::: Data below

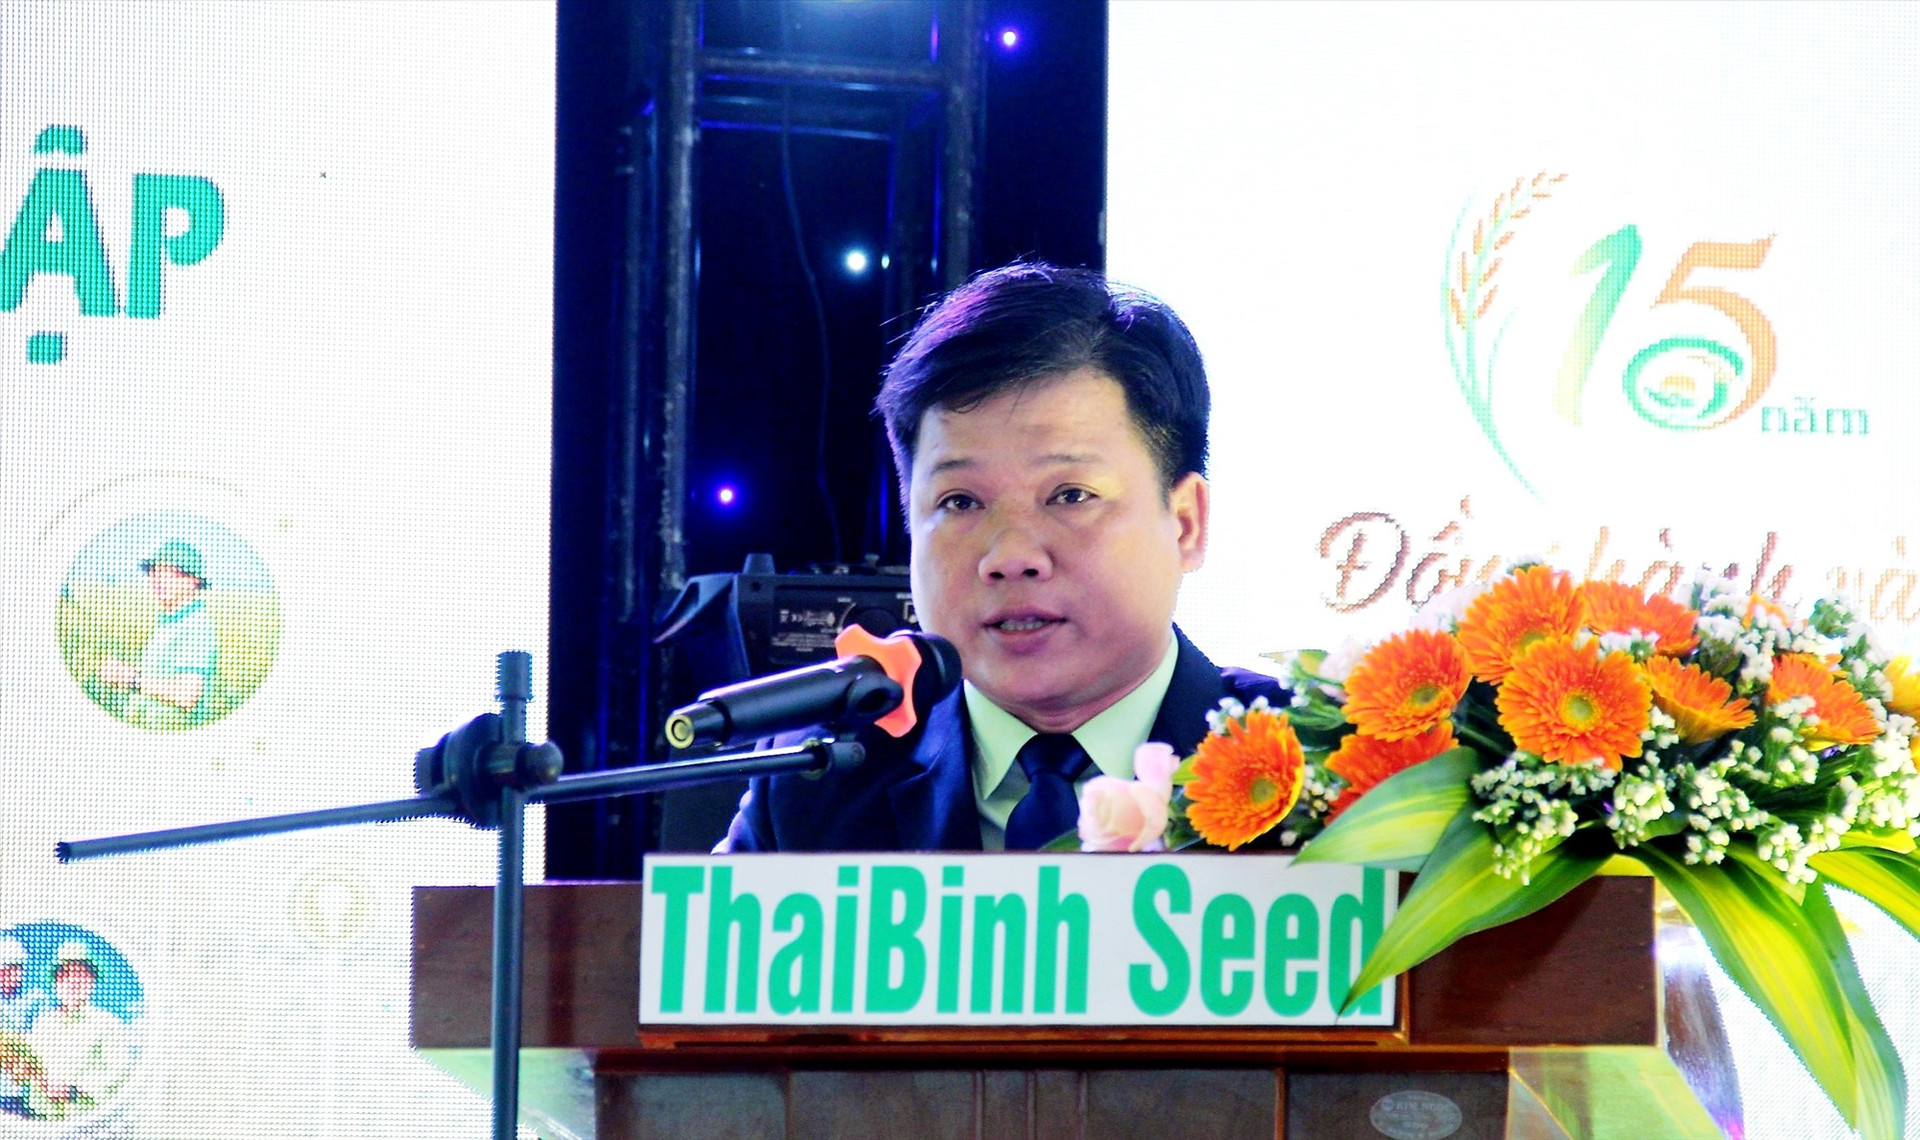 Ông Triệu Tấn Phú - Giám đốc Công ty TNHH ThaiBinh Seed miền Trung – Tây Nguyên phát biểu tại lễ kỷ niệm.   Ảnh: M.N
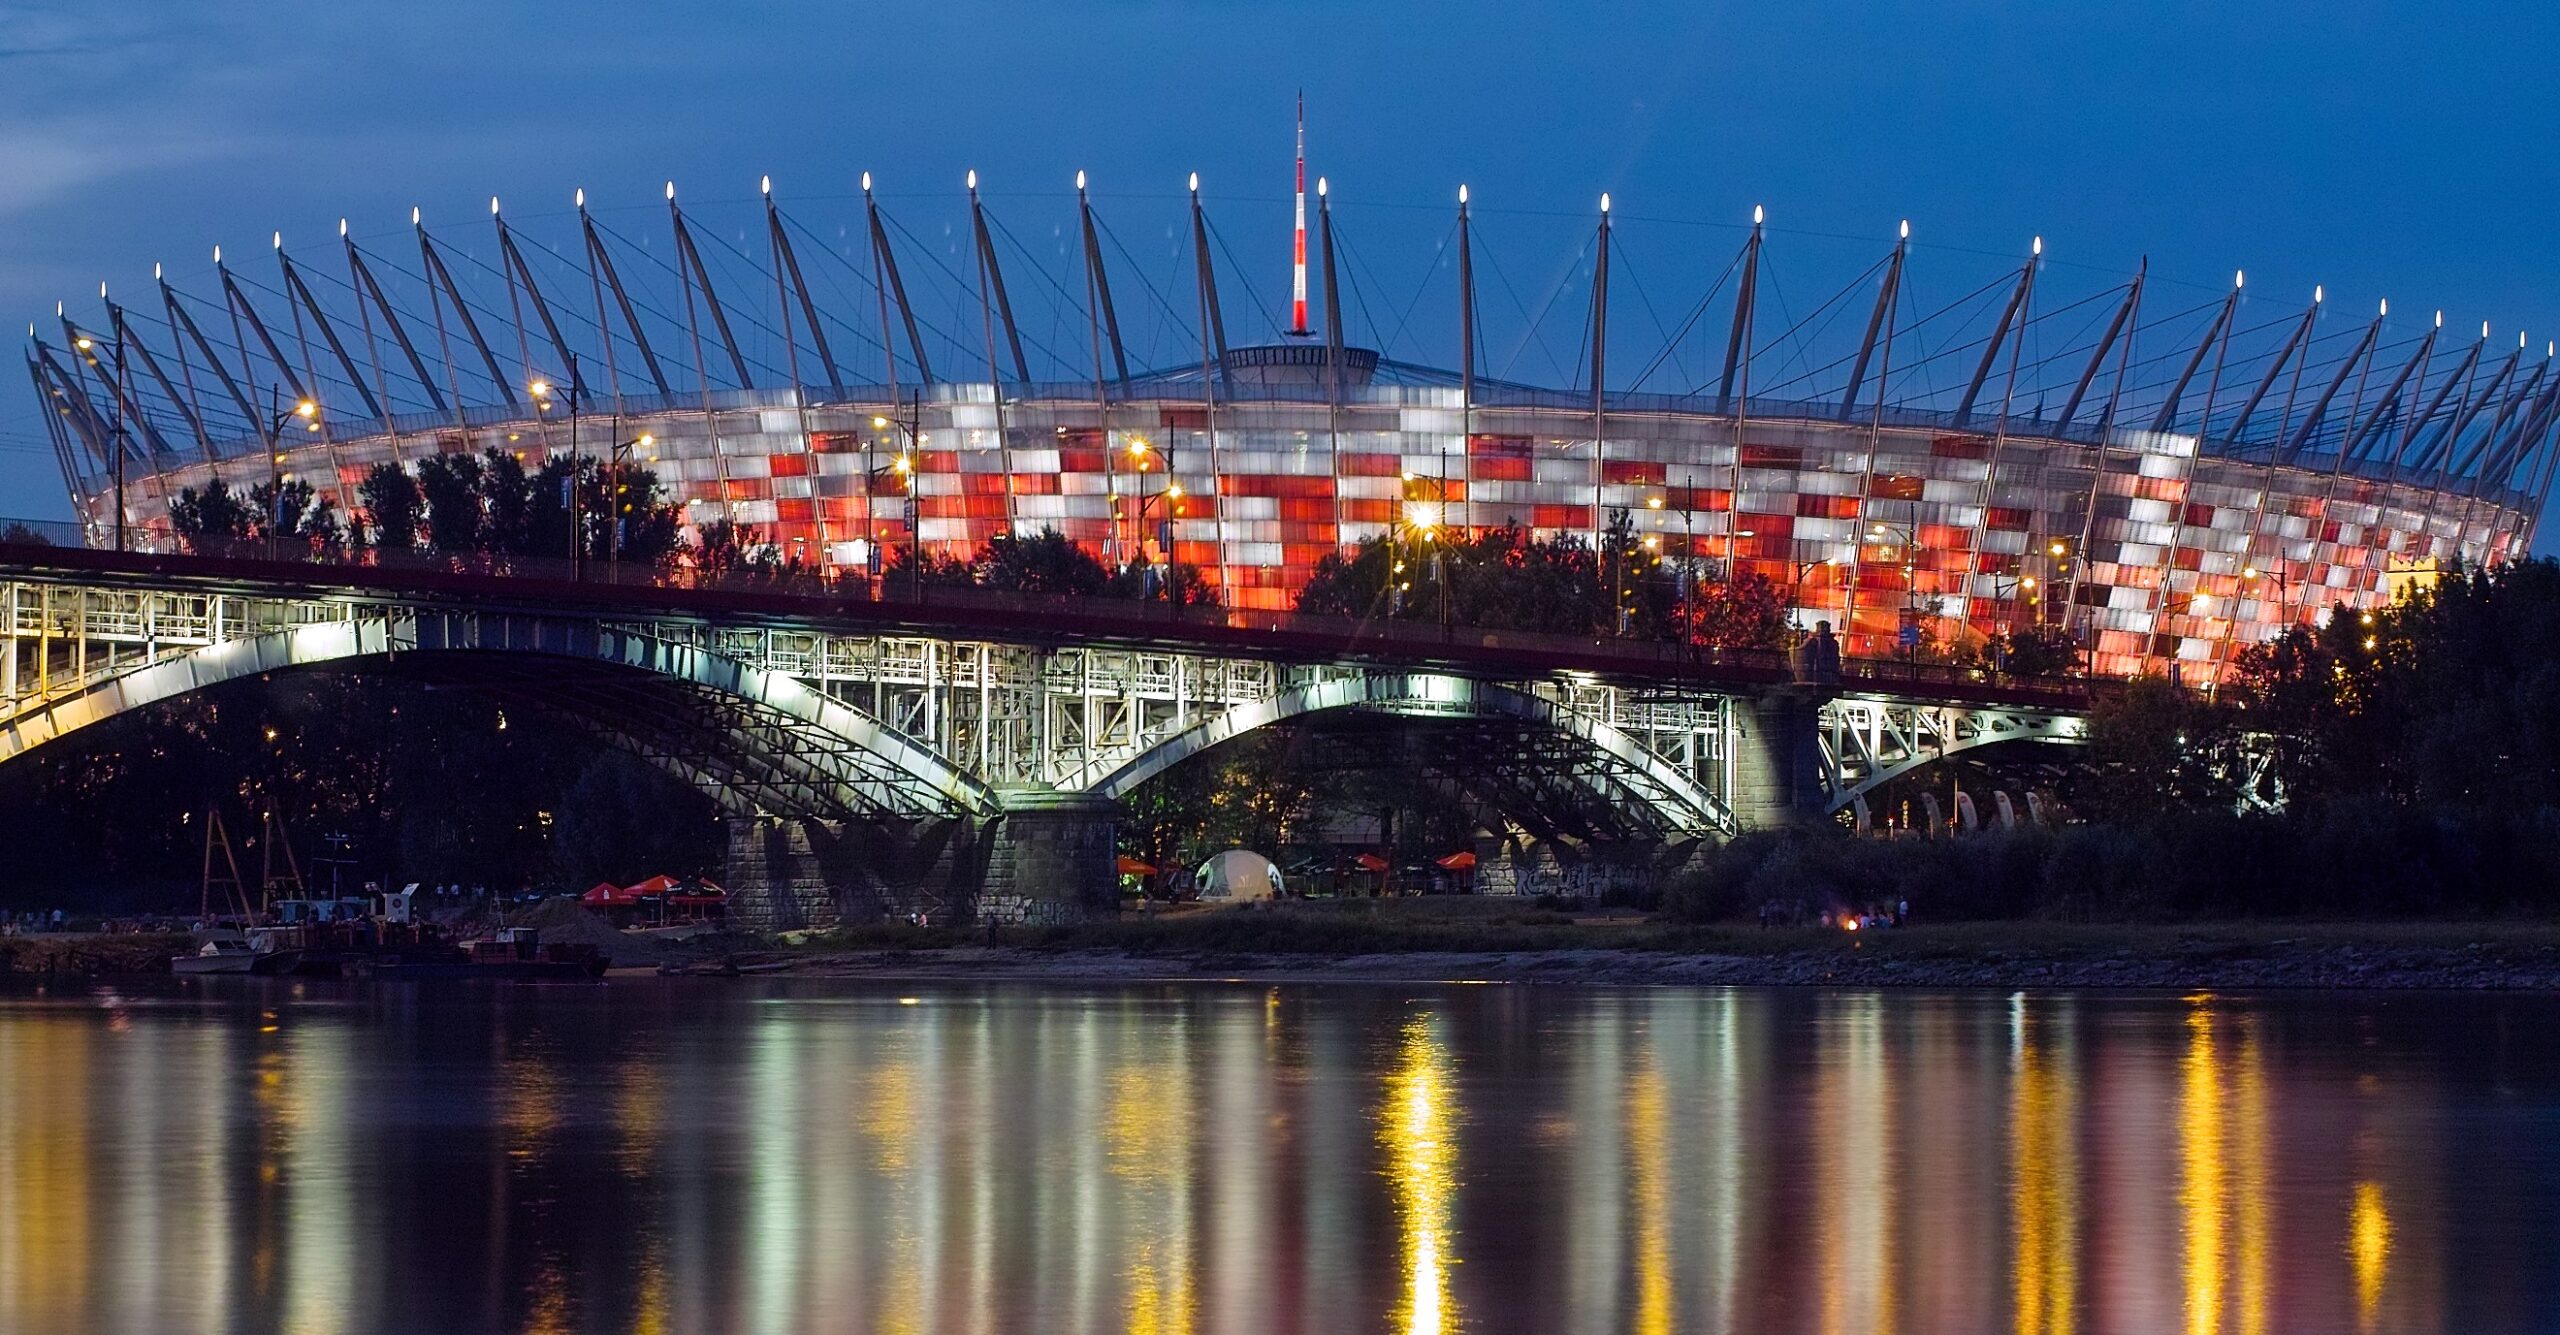 El estadio nacional de Polonia fue cerrado por un defecto en el techo, lo que obligó a posponer el partido contra Chile
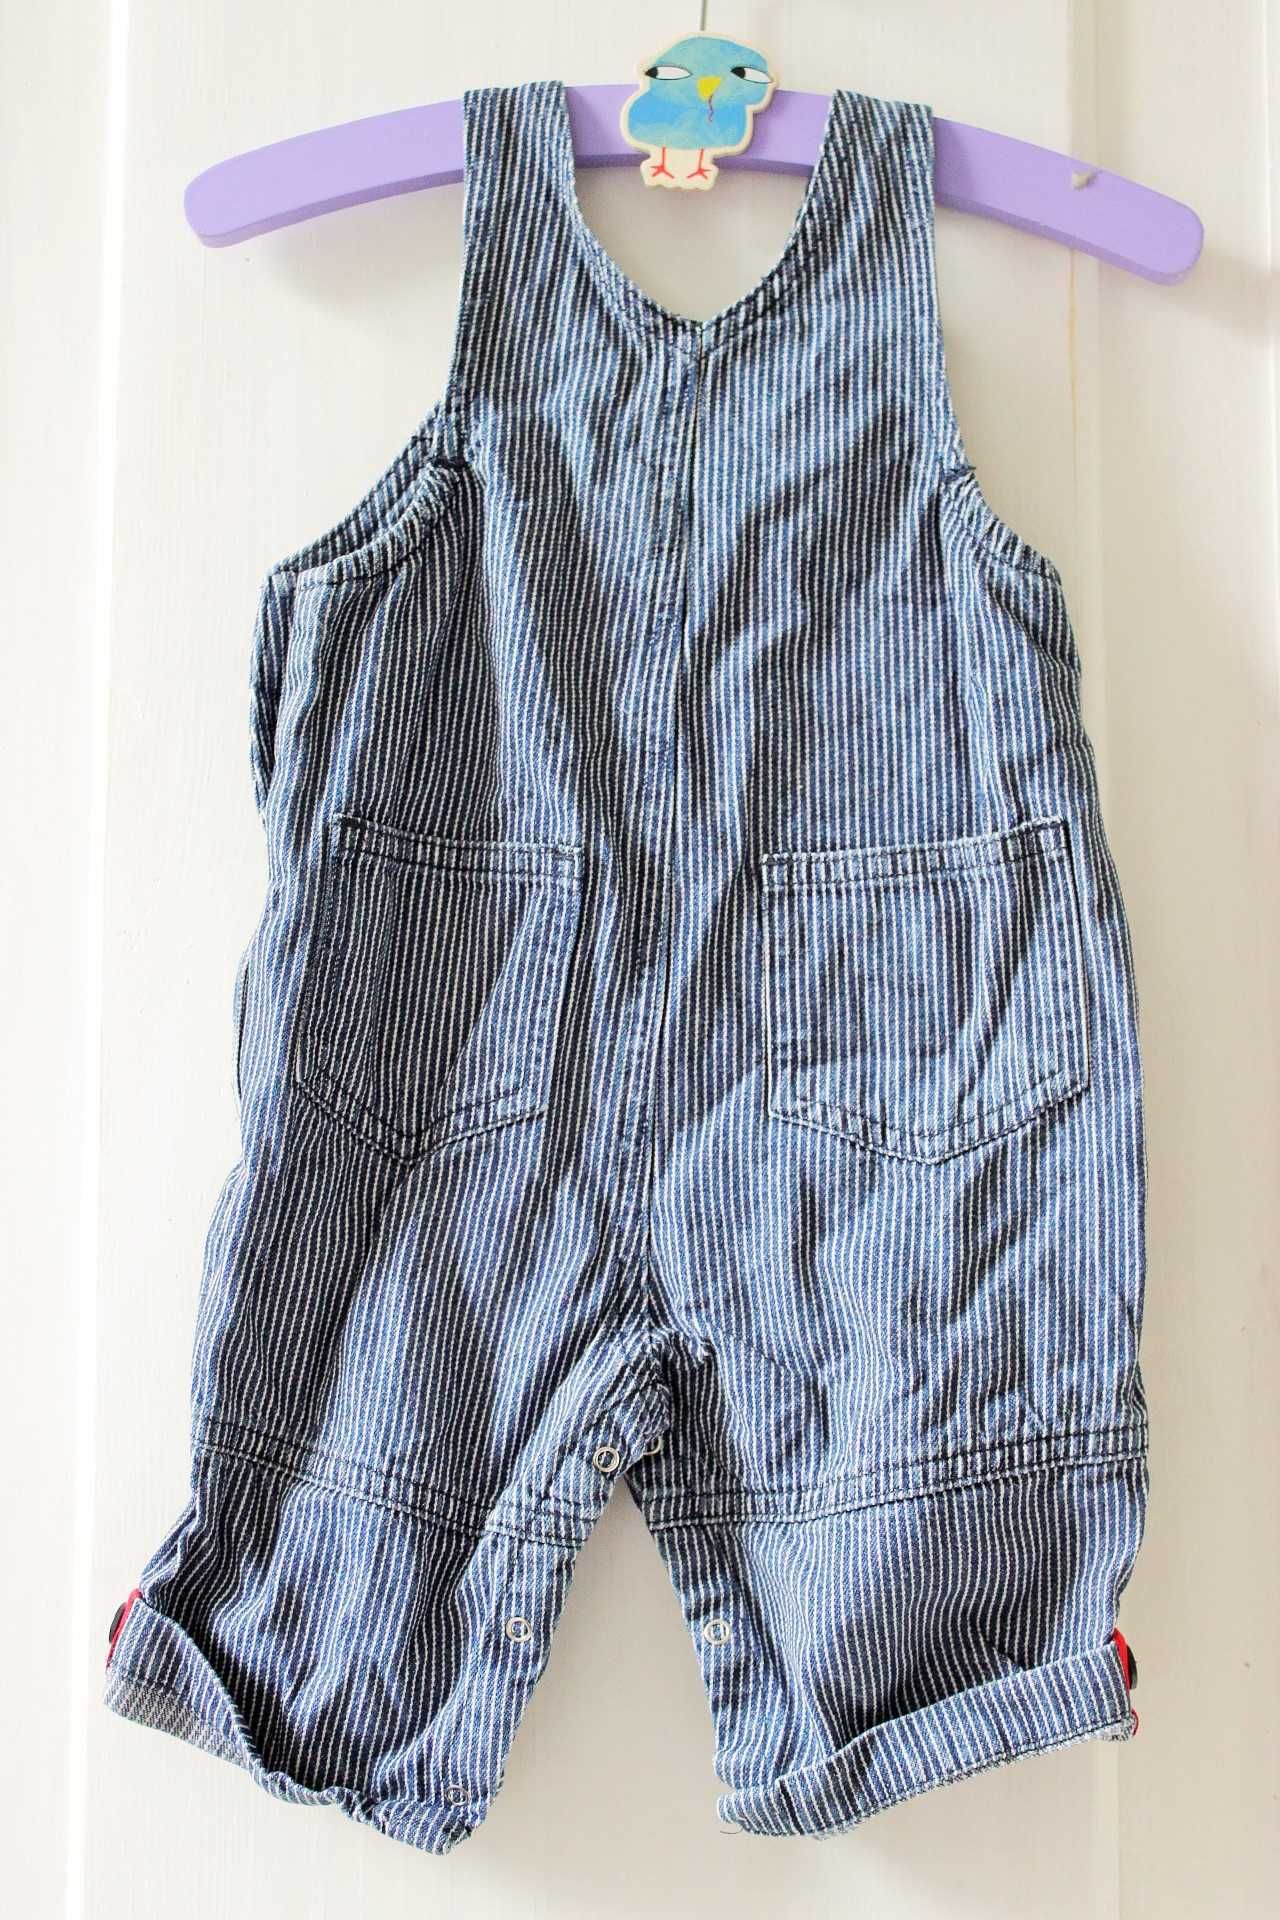 Spodnie, ogrodniczki jeans, spodenki, paski, spodnie, rozm.68, zara
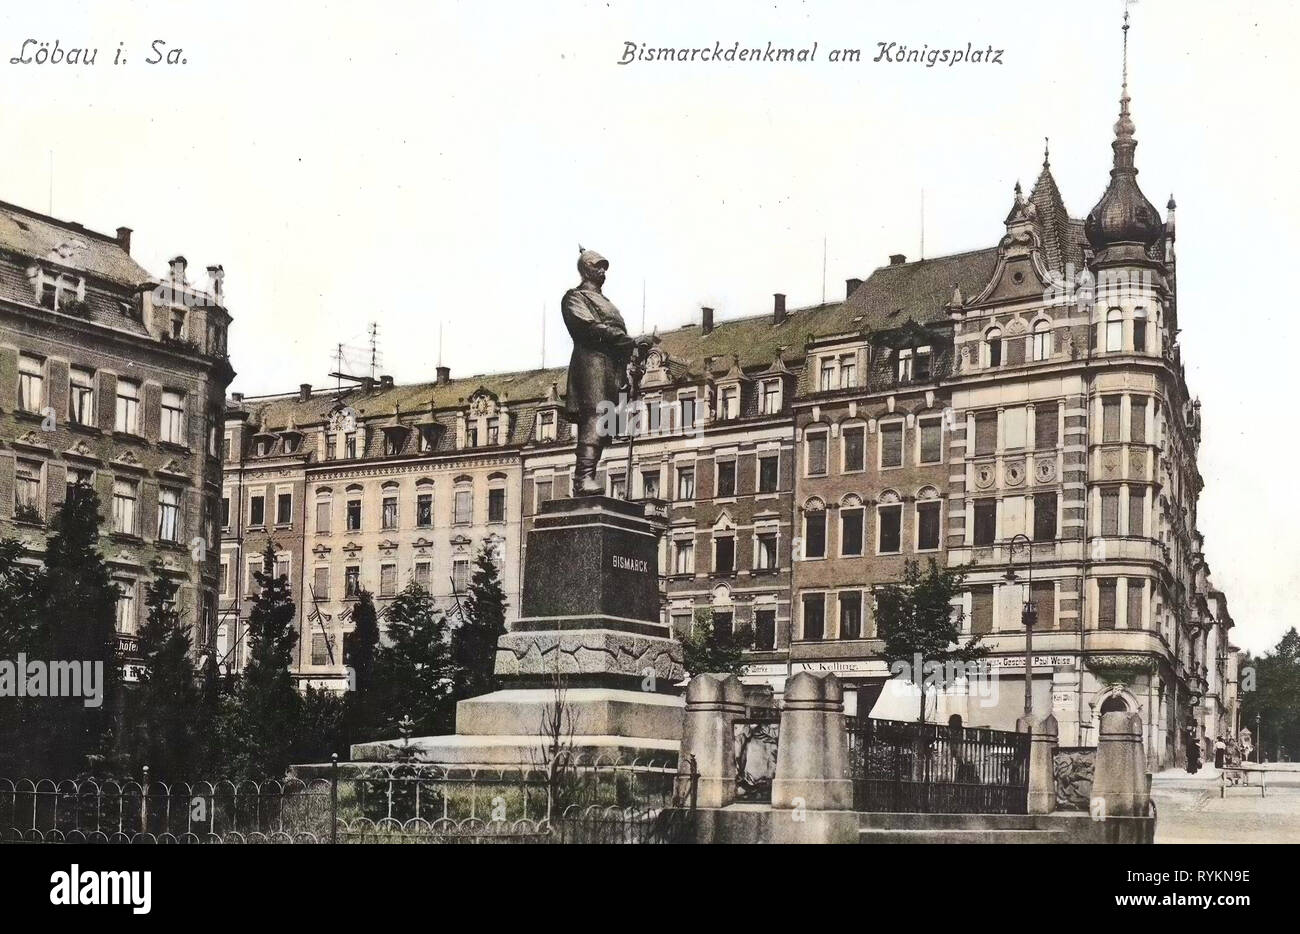 Monuments and memorials to Otto von Bismarck, Georg Meyer-Steglitz, Buildings in Löbau, 1912, Landkreis Görlitz, Löbau, Bismarck, Denkmal am Königsplatz, Germany Stock Photo

::::::

» **Exercise directions**
Everything in the material above must be repeated exactly, apart from its pictures.

» **Answer section**
 Ông Triệu Tấn Phú - Giám đốc Công ty TNHH ThaiBinh Seed miền Trung – Tây Nguyên phát biểu tại lễ kỷ niệm.   Ảnh: M.N
 El estadio nacional de Polonia fue cerrado por un defecto en el techo, lo que obligó a posponer el partido contra Chile
 Spodnie, ogrodniczki jeans, spodenki, paski, spodnie, rozm.68, zara
 Monuments and memorials to Otto von Bismarck, Georg Meyer-Steglitz, Buildings in Löbau, 1912, Landkreis Görlitz, Löbau, Bismarck, Denkmal am Königsplatz, Germany Stock Photo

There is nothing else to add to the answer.